Polski budżet obywatelski ma wady
Wydawałoby się, że popularyzacja budżetu partycypacyjnego to zjawisko pozytywne, bo skoro im więcej miast weń się zaangażuje, tym większy będzie wpływ mieszkańców na rozwój ich samorządów. Problem jednak w tym, że pod szyldem budżetu partycypacyjnego po Polsce krąży praktyka, która stanowi bardzo uproszczoną i spłyconą wersję tego, czym budżet partycypacyjny jest w wielu miastach Brazylii, czy — by nie szukać zbyt daleko — Hiszpanii i Francji. Polskie budżety partycypacyjne mają sporo wad.
• Po pierwsze, nie opierają się na dyskusji i efekcie deliberacji pomiędzy mieszkańcami. Ich spotkania mają zdecydowanie mniejsze znaczenie niż powszechne, tajne głosowanie.

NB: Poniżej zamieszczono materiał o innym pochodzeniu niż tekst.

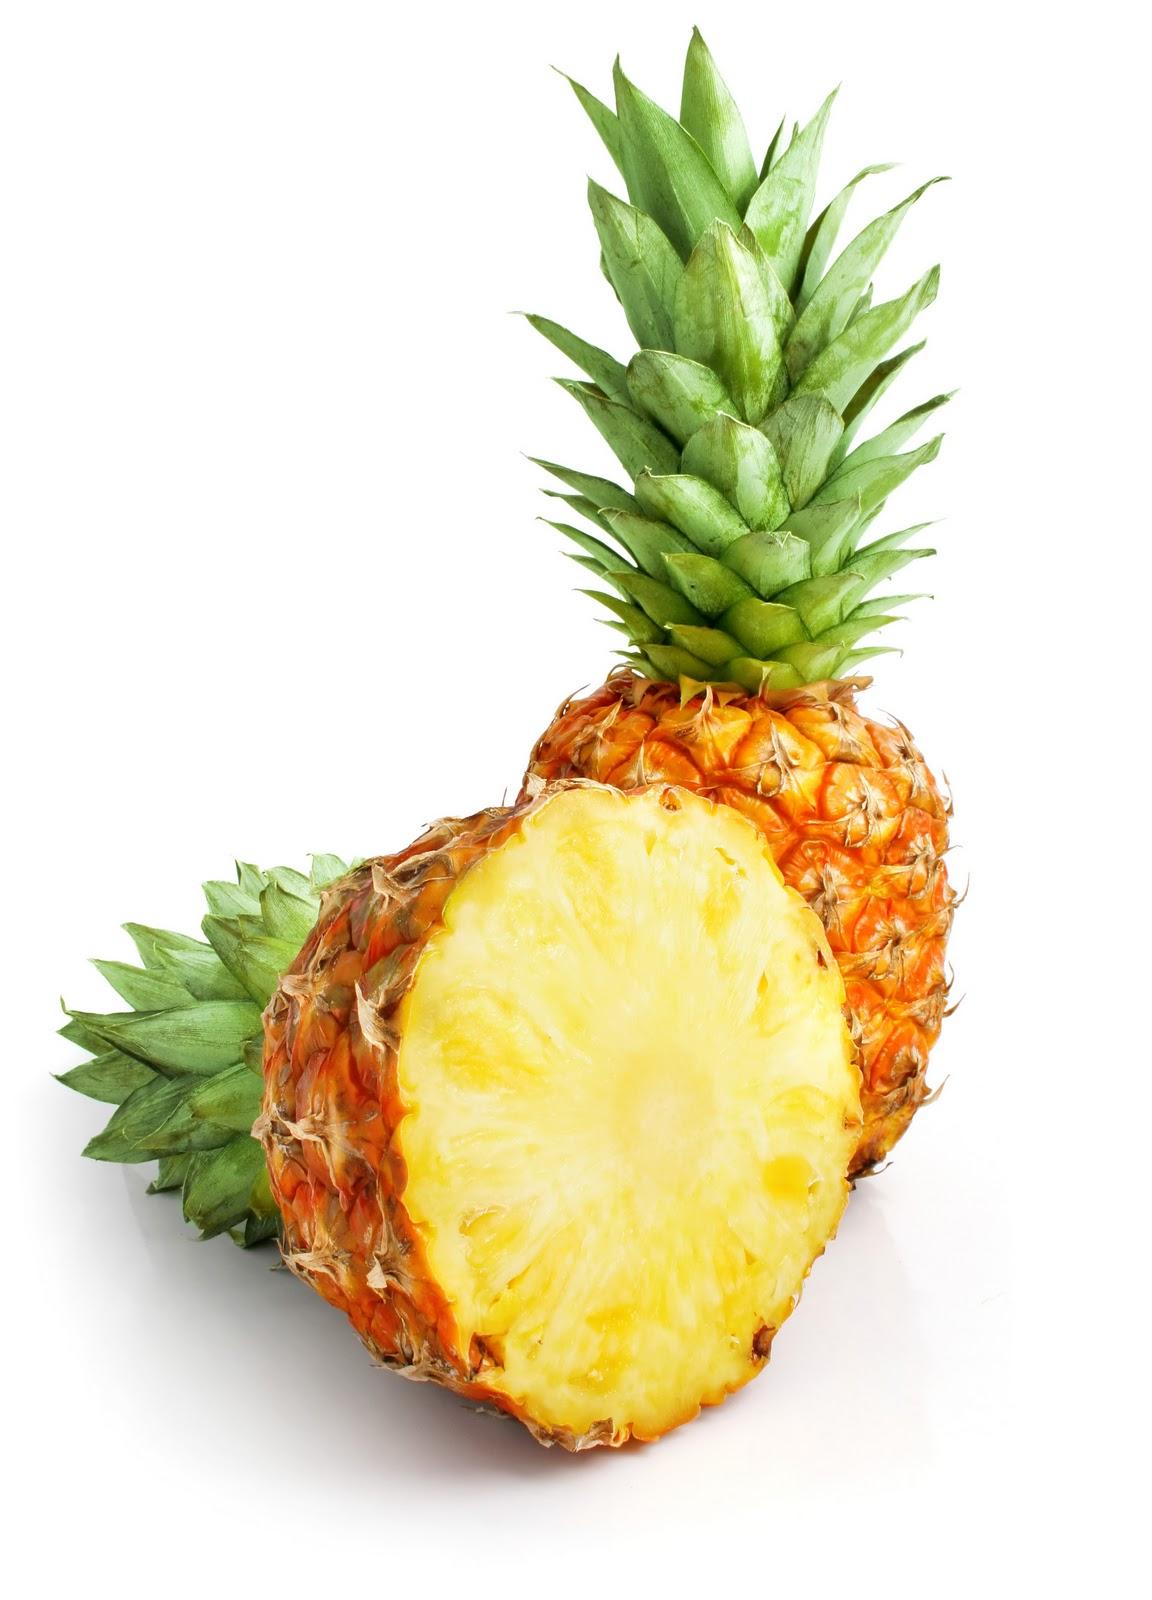 http://4.bp.blogspot.com/-CVFCRapvnpg/Tw9XKoaFxvI/AAAAAAAABpY/OB2R4MBXeHA/s1600/ananas.jpg
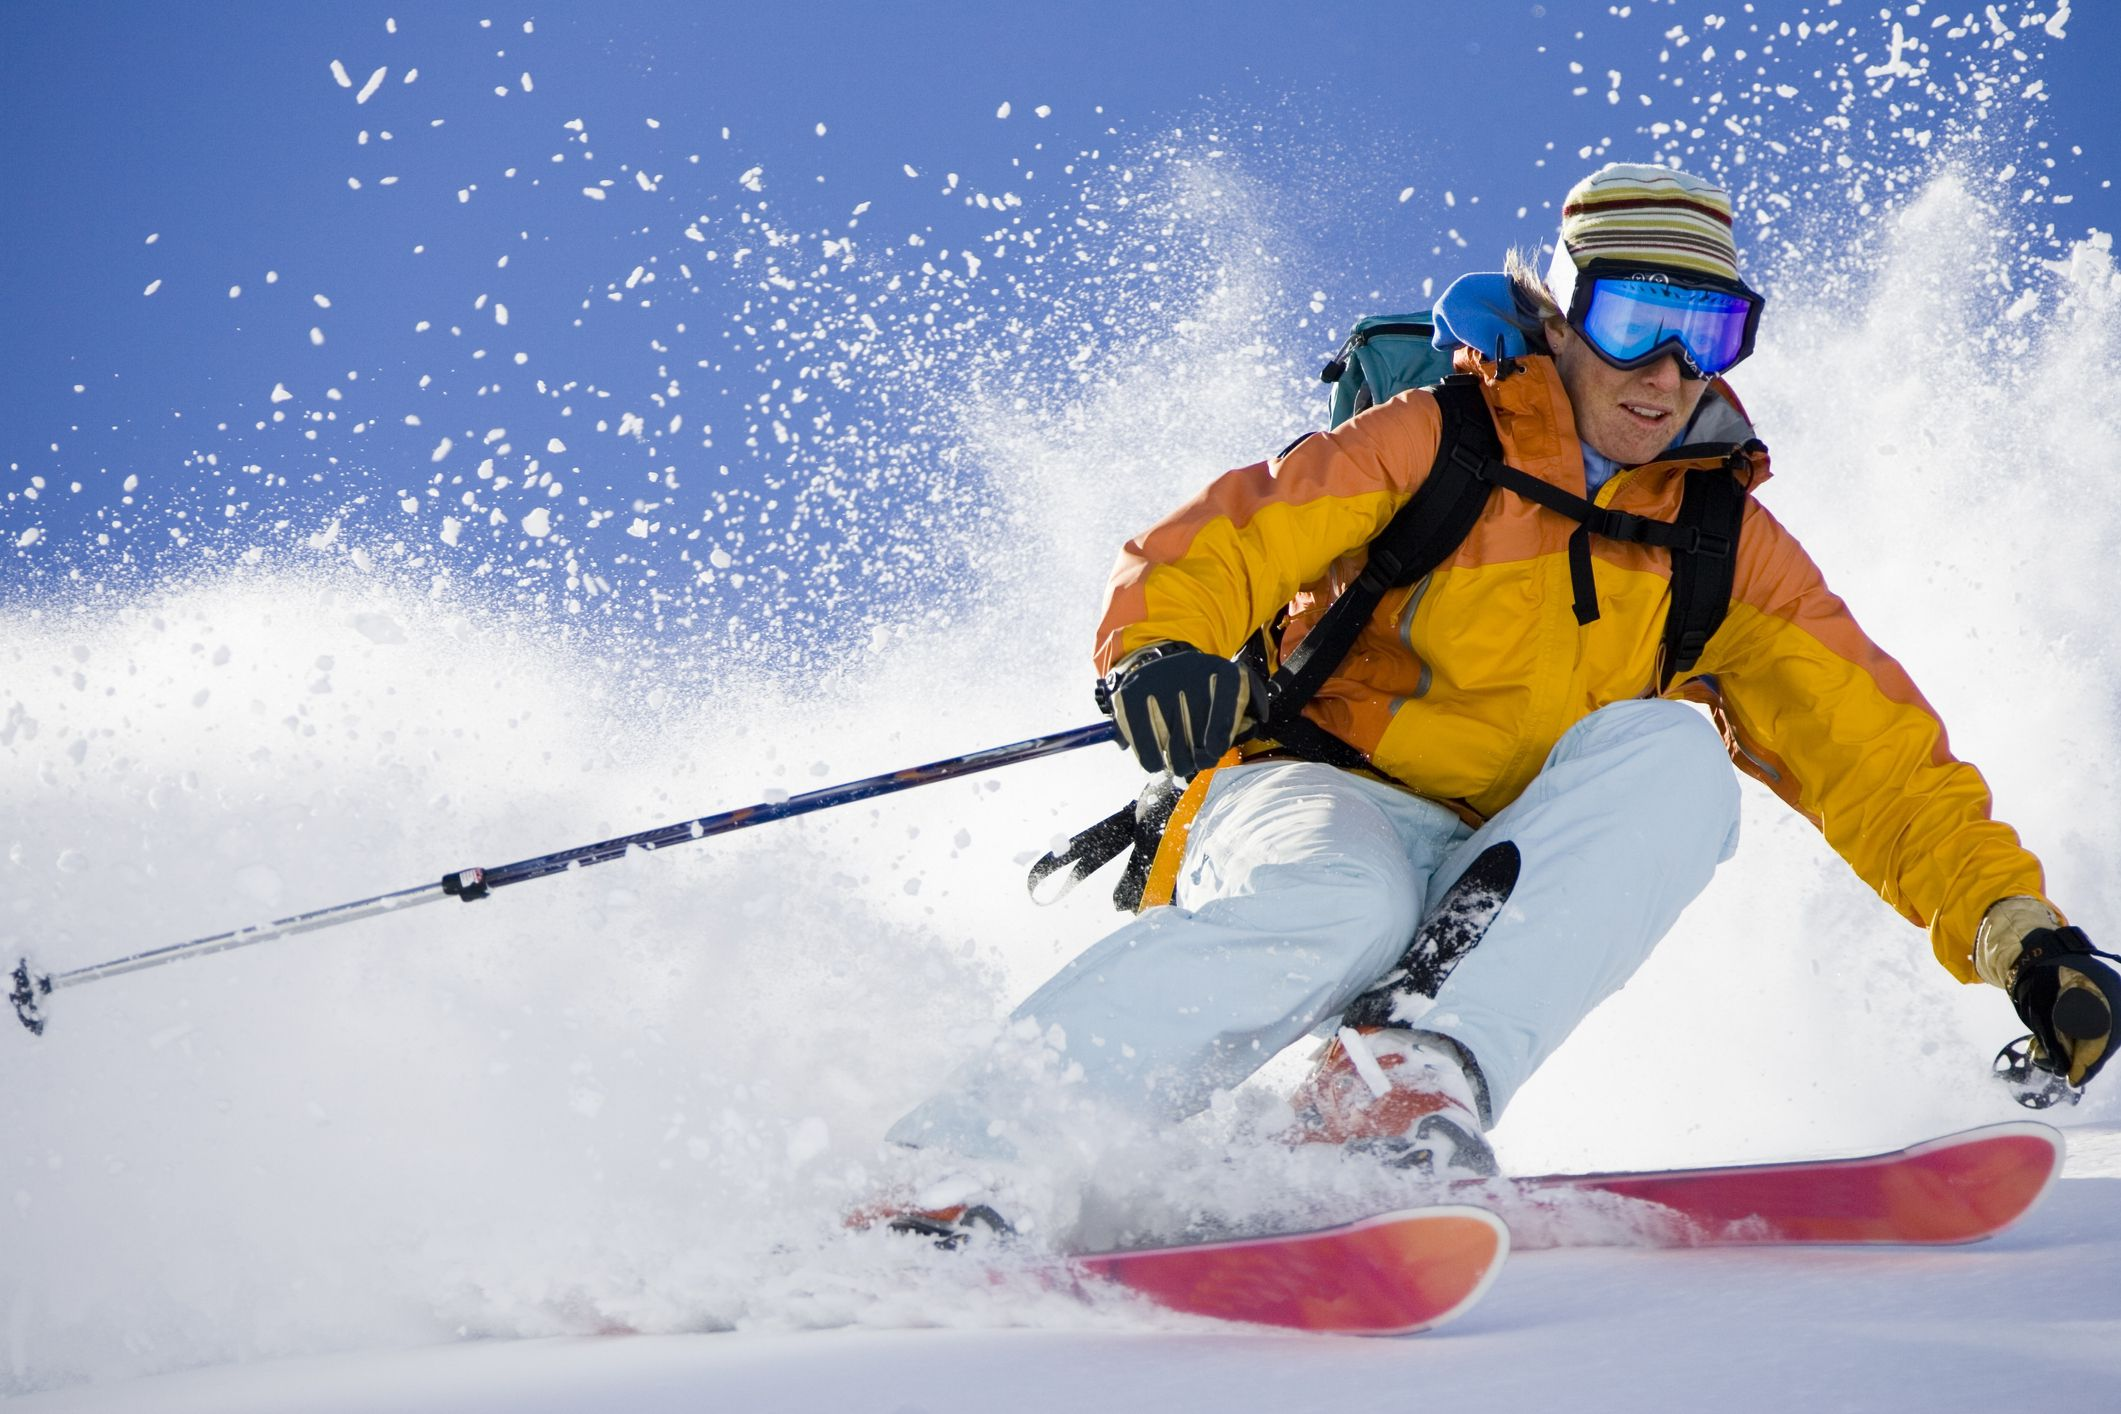 The 8 Best Powder Skis

• Po drugie, powielają podział na urzędników ustalających “reguły gry” (m.in. zasady przeprowadzenia budżetu partycypacyjnego, jego tematykę, czy kryteria wyboru składanych w jego ramach propozycji) i mieszkańców, którzy tym regułom muszą się podporządkować — zamiast budować przestrzeń, w ramach której wszyscy uczestnicy budżetu partycypacyjnego są traktowani jak równorzędni partnerzy i żaden z “aktorów” nie jest uprzywilejowany. Tym samym, mieszkańcy nie stają się współodpowiedzialni za miasto — odpowiedzialność ta niezmiennie leży po stronie urzędników.
• Po trzecie, nie mają charakteru edukacyjnego — ich uczestnicy nie mają możliwości dzielić się swoją wiedzą dotyczącą tego, jak funkcjonuje miasto. Wiedza ta nie jest odkrywana, ale — uważana za “oczywistą” — przekazywana przez urzędników.
• Po czwarte, nie są inkluzywne, to znaczy nie angażują mieszkańców zazwyczaj wykluczonych z debaty publicznej, i nie obejmują całego spektrum społecznego.
• Po piąte, w niewielkim tylko stopniu dotyczą całych miast, skupiając się na dzielnicach i osiedlach — ich uczestnicy nie mają wpływu na ogólne priorytety rozwoju miasta.
• Po szóste, polskie “budżety” nie zawsze mają wiążący charakter. Do patologii należą są sytuacje, w których propozycje inwestycji wybrane przez mieszkańców są następnie selekcjonowane przez urzędników pod kątem “zasadności” czy “przedsiębiorczości”.
Budżet obywatelski jest zazwyczaj postrzegany przez polskich samorządowców nie jako inicjatywa wymagająca czasu, cierpliwości i zaufania, ale pośpiesznie przeprowadzany eksperyment — narzędzie, które ma przynieść szybkie i wymierne efekty. Zamiast stać się elementem zmiany sposobu zarządzania miastem, wydaje się służyć głównie jako narzędzie legitymizujące dotychczasową politykę miejską i angażujące mieszkańców w proces, na który nie mają większego wpływu. Nie dziwi więc, że jak dotąd budżetom partycypacyjnym nie udało się osiągnąć większych zmian w polskich miastach — ich zakres ogranicza się do planowania “małej infrastruktury,” bez możliwości o priorytetach rozwoju.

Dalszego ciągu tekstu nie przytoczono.